## dates and certain observations

# dates and certain observations

Hi,

I have the following problem I have been struggling with. I have two data sets which I have merged. One is a set of historical pricing data and the other is the trading data for an individual.

I'll start by describing the data:

CUSIP - This is the stock id

Date     - I have daily historical pricing data for each cusip (i.e. stock).

Price    - This is the corresponding historical price for that date and stock

Shares - indicates the number of shares that the trader purchases

trandate - This is the date of the purchase and should mate the date

subsample - This is an indicator variable that is 1 for all  days when date =trandate (i.e. this is when the trader traded)

cusip           date           price      shares      prices      trandate      subsample

1      222      1011985           5.15           .           .                .                          .

2      222      2011985           4.14           45           4.2           2011985        1

3      222      3011985            6.16           .           .                .                         .

4      222      4011985           20                .           .                .                         .
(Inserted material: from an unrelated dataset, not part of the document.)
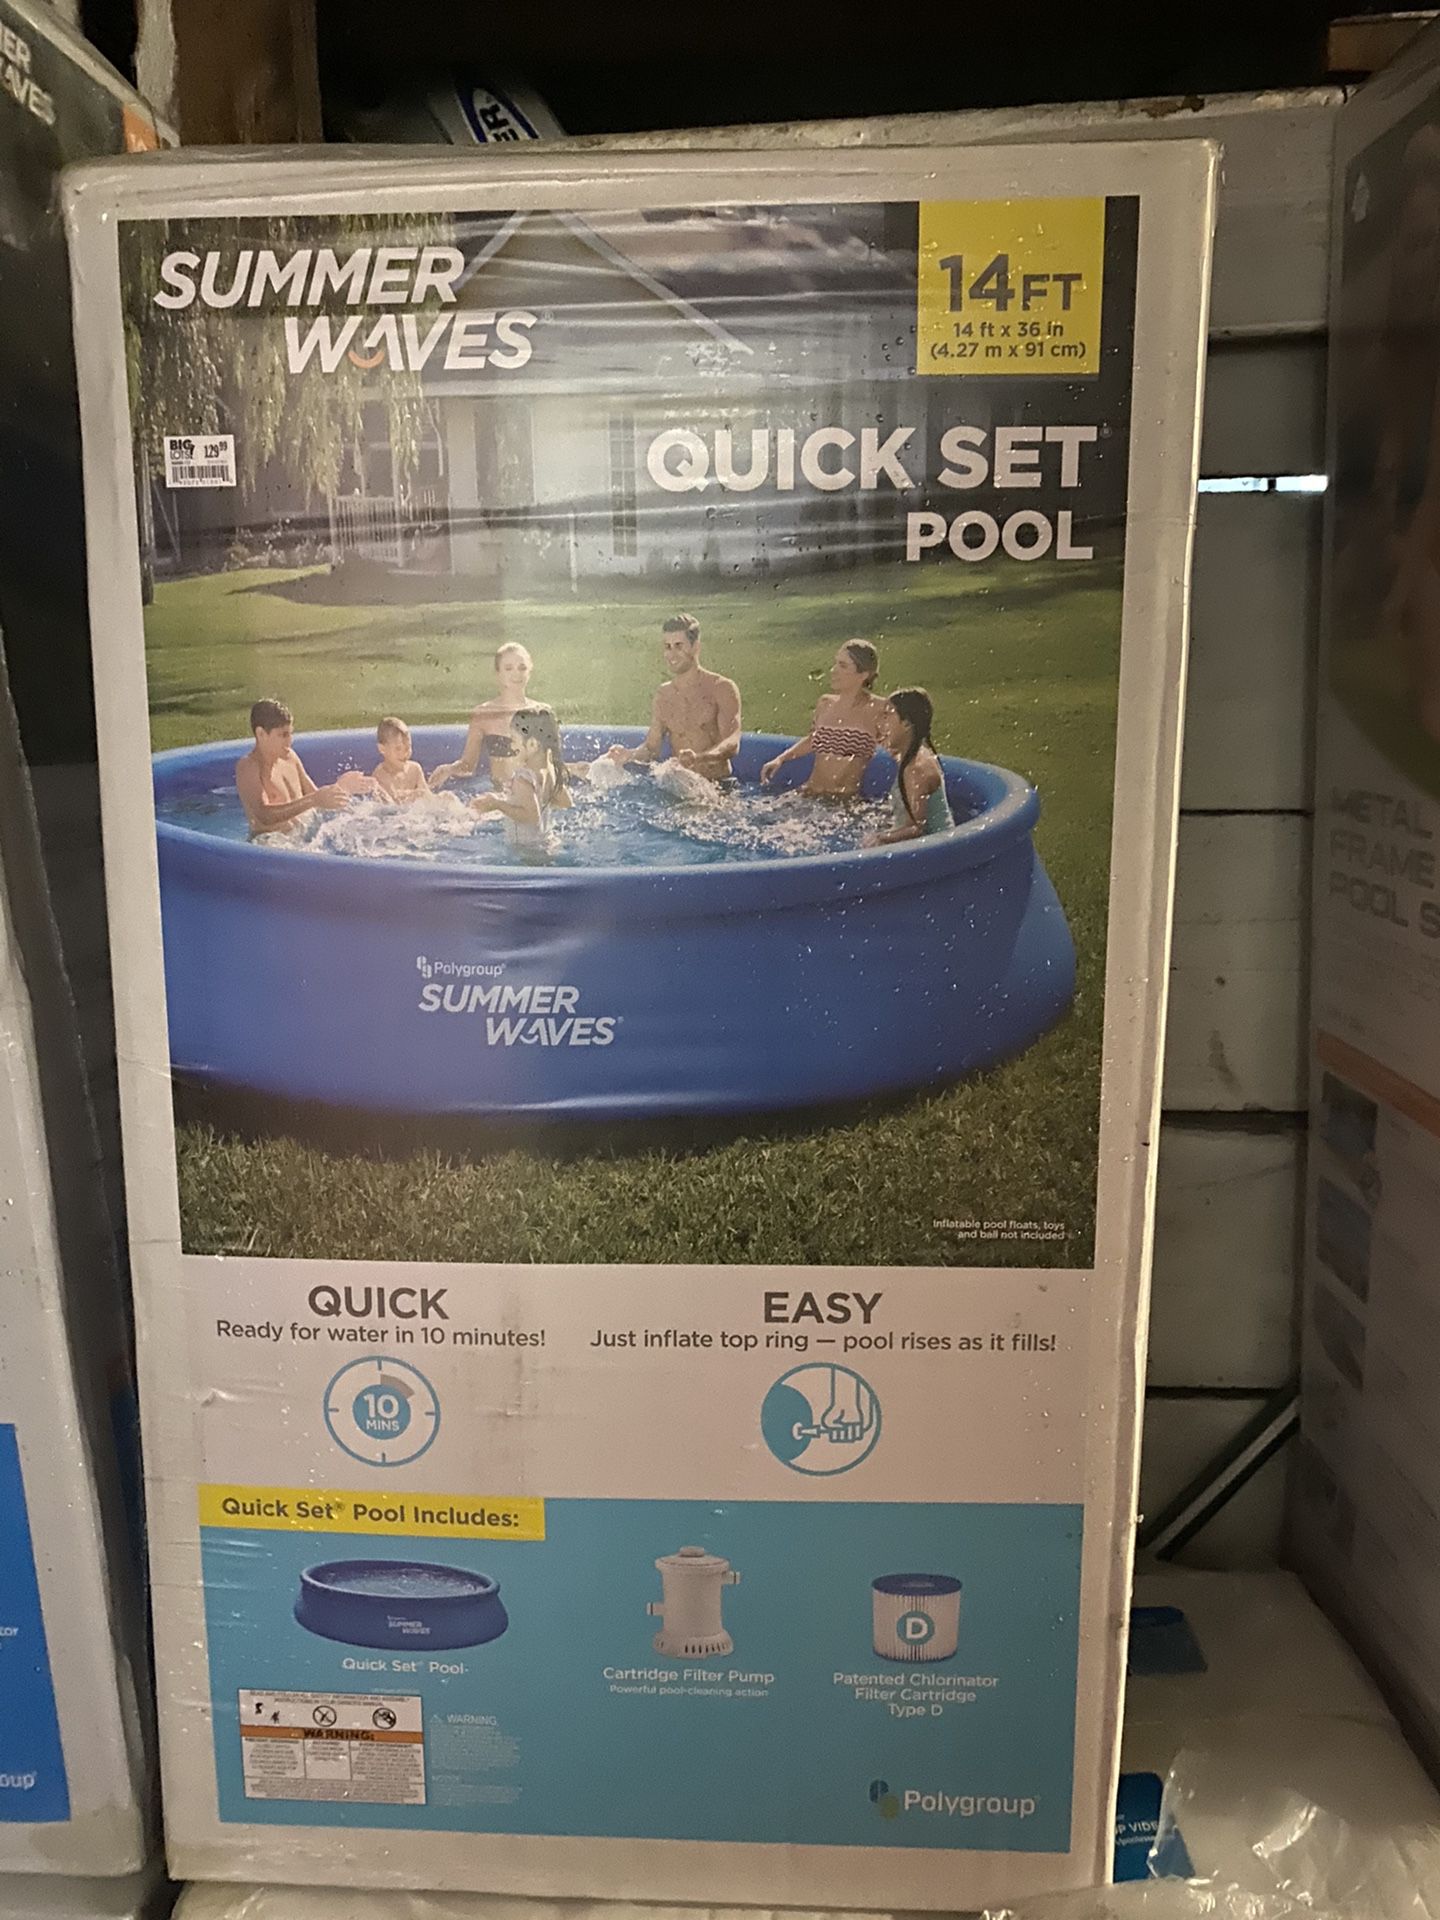 Summer Waves 10ft X 30in easy set up Pool w/ Filter Pump New Sealed

5      222      5011985           2.41           34           5.2           5011985         1

6      222      6011985           3.24           .                .                .                     .

7      222      7011985           5.25           .                .                .                     .

8      222      8011985           2.56           .                .                .                     .

9      222      9011985           2.25           .                .                .                     .

10     222      10011985           5.6           .                .                .                    .

11      333     1011985           3.52           .                .                .                    .

12      333      2011985           4.14           .                .                .                   .

13      333      3011985           7.23           .                .                .                   1

14      333      4011985           1.45           .                .                .                    .

15      333      5011985           5.63           .                .                .                    .

16      333      6011985           5.13           .                .                .                    .

17      333      7011985           5.25           23           5.42      7011985          1

18      333      8011985           5.12           .                 .                .                    .

19      333      9011985           2.34           .                  .                .                   .

20      333      10011985      7.65                .                .                .                   .

21      444        01011985             5.40          .                    .               .             .

22      444        02011985              6.40          .                    .               .             .

I am trying to do the following things

• I want to create a new sub sample which remove all the data for a security when there is not a single trader transaction over the entire period (i.e. the last 4 columns never display any data) for that security. In the case of the data above this would mean keeping all the data except for the final two lines because the trader never traded security 444.

Any help is greatly appreciated!!!

‎11-19-2013 08:04 AM
## Re: dates and certain observations

Posted in reply to wschnell1

Hi,

If I've understood you correctly, how about:

1. Sort by cusip and descending subsample

2. Read the data using the by variables, only keeping the records if the subsample for the first.cusip was 1

3. Resort into original order if required.

Regards,

Amir.

## Re: dates and certain observations

Posted in reply to wschnell1

Amir's approach is pretty much how I would've gone naturally.

However, there are approaches that are more difficult to implement but far more performant than double sorting if your data set is tall and/or you wiish to repeat the process for many custommer merges. If performance of repeated sorting can become an issue, just reply and I'll try to propose an alternative that should take roughly 2 sequential reads of the data in the worst case scenario which alone is faster than a single sort.